This requires that the plaintiff do more than "plead[] facts that are merely consistent with a defendant's liability;'" the facts pled must "allow[] the court to draw the reasonable inference that the defendant is liable for the misconduct alleged." Ashcroft v. Iqbal, 556 U.S. 662, 678 (2009) ( quoting Twombly, 550 U.S. at 557). The complaint must not only allege but also "show" that the plaintiff is entitled to relief. Id. at 679 (internal quotation marks omitted). "Whe[n] the well-pleaded facts do not permit the court to infer more than the mere possibility of misconduct, the complaint has alleged-but it has not shown-that the pleader is entitled to relief." Id. (internal quotation marks and alteration omitted).

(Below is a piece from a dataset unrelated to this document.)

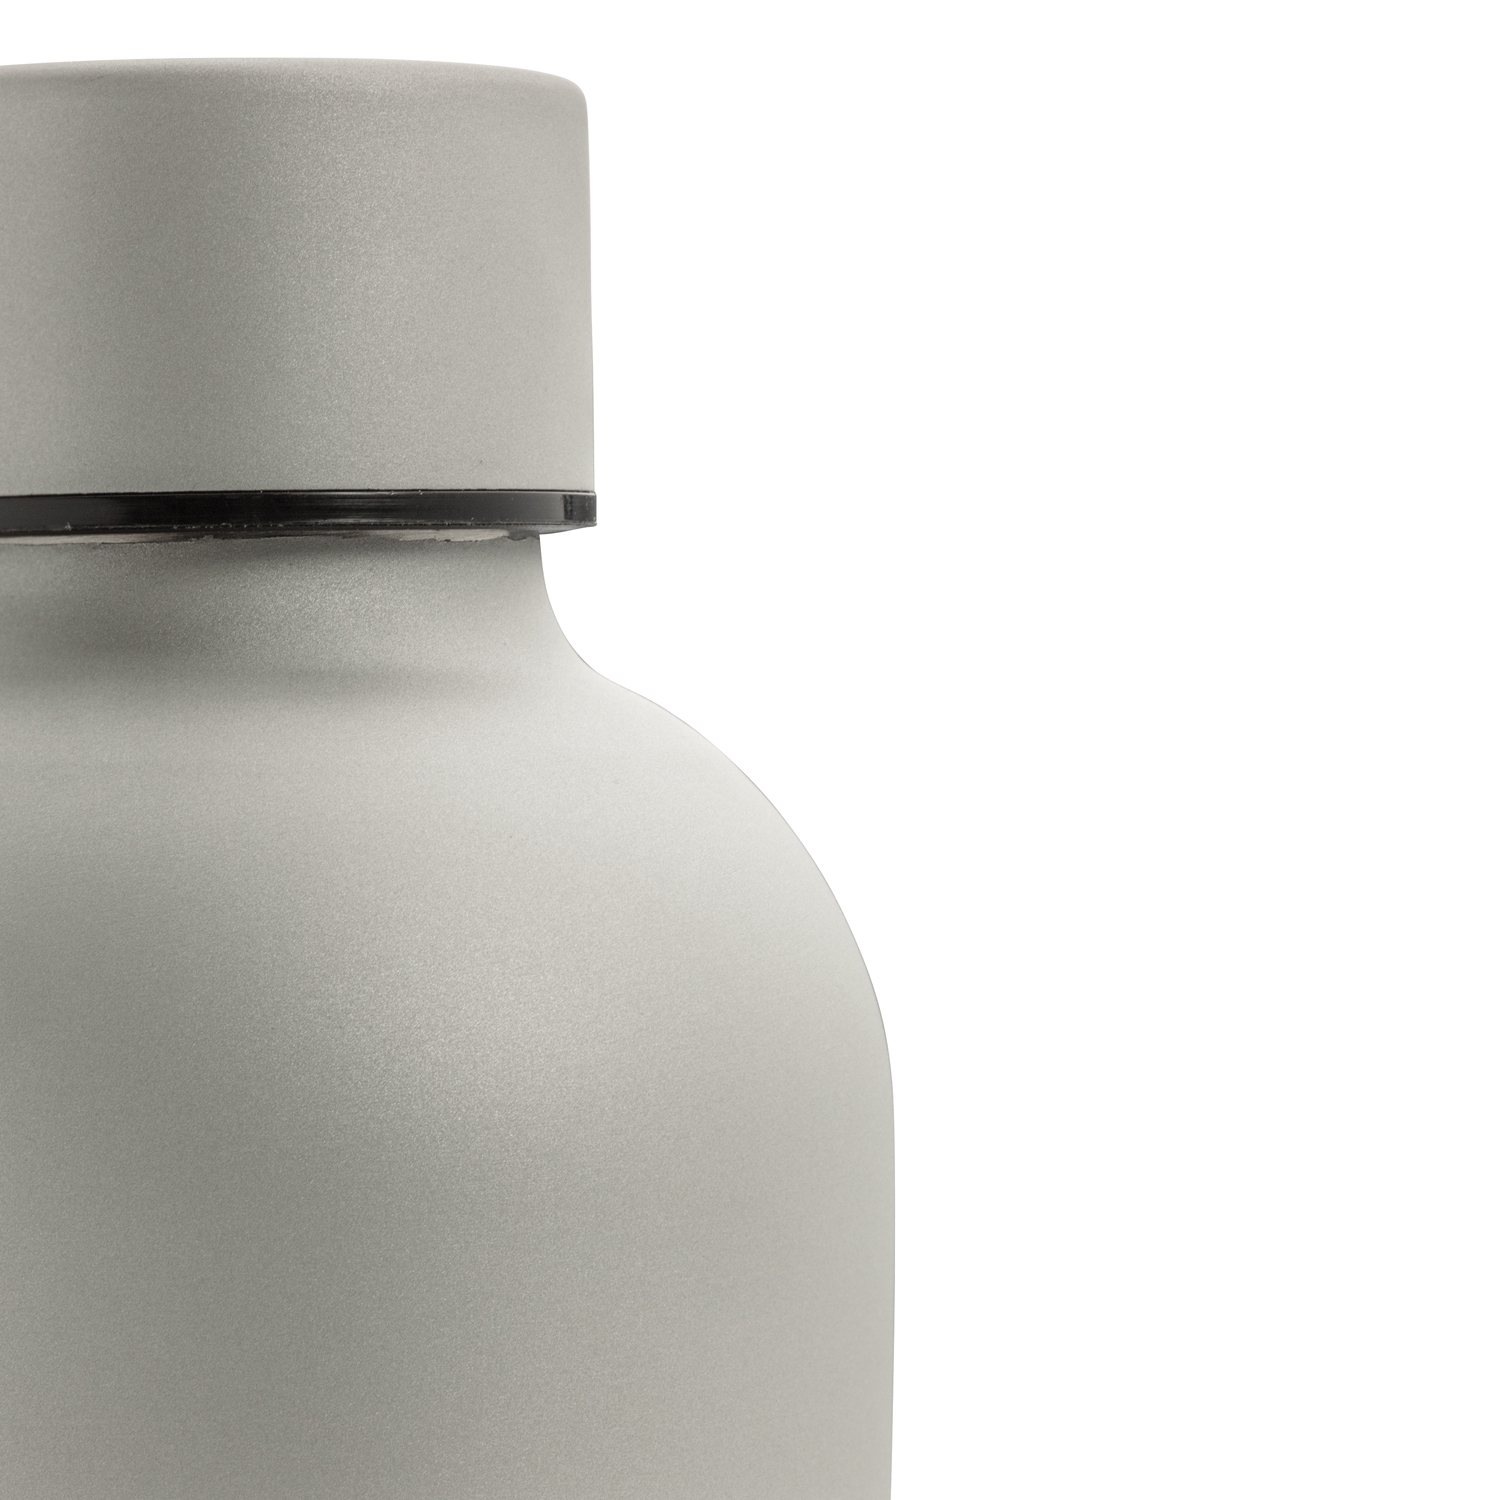 Вакуумная бутылка Impact с двойными стенками из нержавеющей стали, серебристый, нержавеющая сталь

B. Violation of Maryland's APA

In Count Three, Jennings alleges that she had the right to a "contested case" procedure under the APA before her housing assistance was terminated, and the "informal hearing" she was granted lacked several of the APA's required procedural protections. See ECF No. 2 at 13. She also alleges that the defendants interfered with her rights under the APA in several ways, including lying about her appeal rights. See id. The defendants contend that the Housing Authority "is not an agency bound by Maryland's" APA. See ECF No. 11-1 at 5. Jennings responds that the rights provided by the APA's contested case procedure are not "afforded only to those whose benefits are administered through a Housing Agency that happens to be a part of the State Government." ECF No. 16 at 8-9.

Under Maryland's APA, a "contested case" is "a proceeding before an agency to determine, " inter alia, "a right, duty, statutory entitlement, or privilege of a person that is required by statute or constitution to be determined only after an opportunity for an agency hearing." Md. Code Ann., State Gov't § 10-202(d) (1) (West 2012) (emphasis added). An agency is defined as either: (1) "an officer or unit of the State government authorized by law to adjudicate contested cases; or (2) a unit that[] is created by general law[, ] operates in at least 2 counties;[21] and []is authorized by law to adjudicate contested cases." Id. § 10-202(b).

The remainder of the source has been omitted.